Hi All,
I working to identify novel antisense transcriptions , and what I did right now that I got read count from sense and antisense RNA as shown below (very small portion of data):
gene id strand antisense count sense count
ENSG00000160087 -1 42 3018
ENSG00000177954 1 33 9590
ENSG00000237283 -1 1 1
ENSG00000153207 -1 65 9185
ENSG00000223764 -1 9 29
ENSG00000236423 1 243 498
ENSG00000175137 -1 29 3727
ENSG00000224235 -1 1 14
ENSG00000044012 1 1 1
ENSG00000230812 1 53 79
ENSG00000134183 -1 484 9
In some cases, I found that antisense counts are higher that sense counts, some are equal, but in most cases sense are higher that antisense. so is there any technique to identify those novel antisense (which is the gene is highly expressed than sense)
Dear Michael,
I computed my reads by using Python and R scripts. and here is my library details:
I never used HTSeq-count before.
According to the NEXTflex website, the kit you used has approx. 99% strand specificity. Meaning that in 100 correct oriented reads, one is a falsely detected as antisense-read. In your example ENSG00000160087 might be such a case, while ENSG00000236423 has a higher ratio of antisense reads and may be a good candidate for antisense transcript detection.
Anyway, I would visually inspect your most promising findings with IGV or UCSC.
If you want to go also for Madelaine's approach (see below), you need to flag your reads during alignment properly (for instance,
--Library-type
in tophat). Please be aware of the fact, that you need sufficient coverage for cufflinks to find transcript hypothesis.Thanks again Michael, I used library type as follows:
tophat --library-type fr-firststrand
. Which is the best way to visualize the most promising findings, Is there any criteria to choose the count (I mean how I can decide if these promising antisense or not from their counts).I would just take your list and use all those genes as candidates having more than 1% antisense reads and sort those by read number and/or percentage. You may think about a Poisson model for low abundant genes. You should use the annotation to filter out genes with known antisense transcripts.
For visualisation, I would use the IGV browser.

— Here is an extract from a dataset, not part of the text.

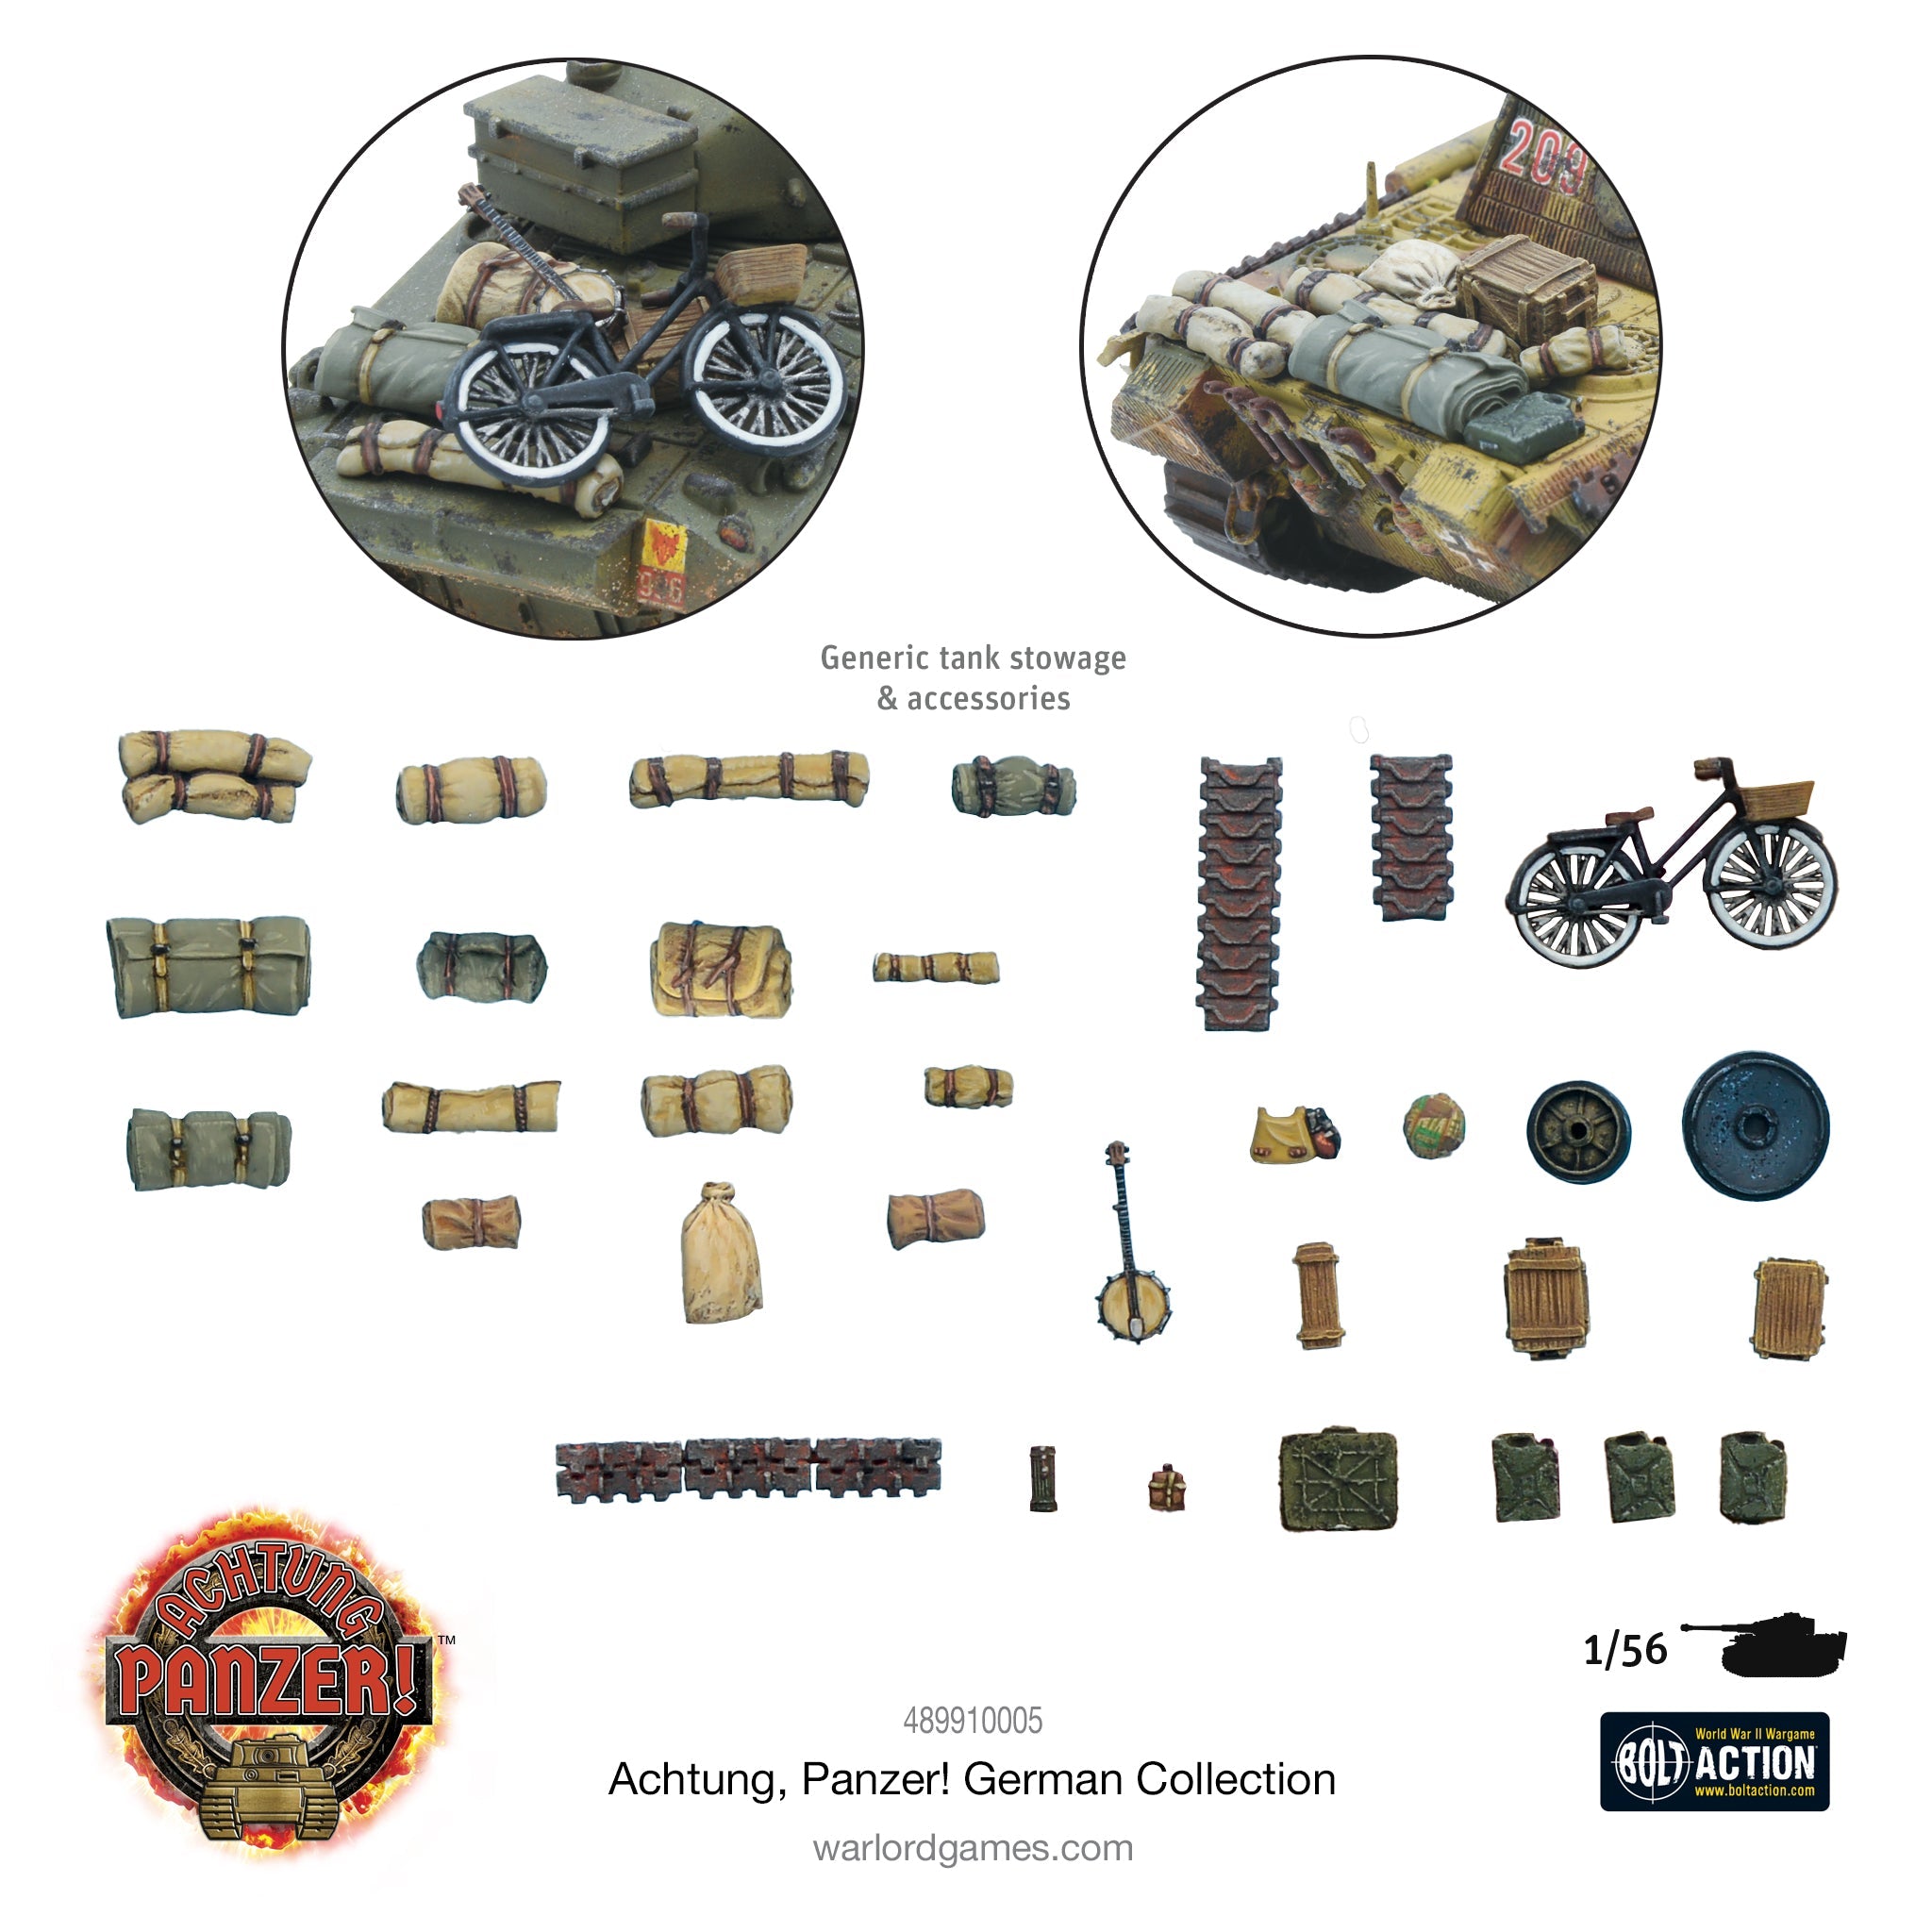 Achtung Panzer! German Collection

You can split the alignment according to the genomic strand (+/-) in order to have a more easy to inspect picture.
Hi Michael, I already excluded all positive pairs (known antisense using the annotation file). and I sort the antisense read counts from smallest to largest (from A to Z). Also, I got the percentage (proportion) by dividing antisense counts over sense count, but I still confused about from which percentage or from which count should I take it to be considered as novel (I mean what is the criterion that can use for determining a novel transcript). BTW, you mentioned about Poisson model for lower abundant genes, so do you have any idea about using this model.
In addition, how can I split the alignment according to the genomic strand using IGV.
If you would like to have a deep look of one of my complete files for all read counts after removing known antisense transcripts, I can send one as Excel file via your email.
Thanks again for helping me.
You may address your antisense reads as rare events. Your probability of having a false antisense read is 1% and you compute for each locus the probability of seeing the given number of antisense reads. If an occurrence is most presumably explainable by a Poisson distribution, it is no good candidate for a novel antisense.
You can use samtools view for splitting your file:
I would suggest, that you check your results first by yourself using the IGV browser (for ENSEMBL annotation you need to add the ENSEMBL DAS). You may also check, for instance, the coverage profiles of your antisense candidates.
Hi Michael, Could you please explain how to use IGV to inspect novel antisense?
I think he meant that you can eyeball the coverage profile of two transcripts and check for similarity in the pattern. Often, the same transcript shows similar 'degradation pattern' (or whatever causes this) in different sequencing runs even. (Don't ask me for a citation for this, I am not sure there is one). As the leaked antisense transcripts are from the same transcript, they should have similar coverage pattern, depending on what causes the pattern. While real antisense transcript would theoretically have an different degradation pattern. This is however more difficult to quantify.
Hi Michael,
Could you please explain how to use Poisson model with my previous example?
I guess he meant to model read counts as coming from a poisson distribution (see
?ppois
), that way you can directly calculate p-values in favor of the alternative hypotheses that there are significantly more antisense reads than to be expected at 1% strand leakage.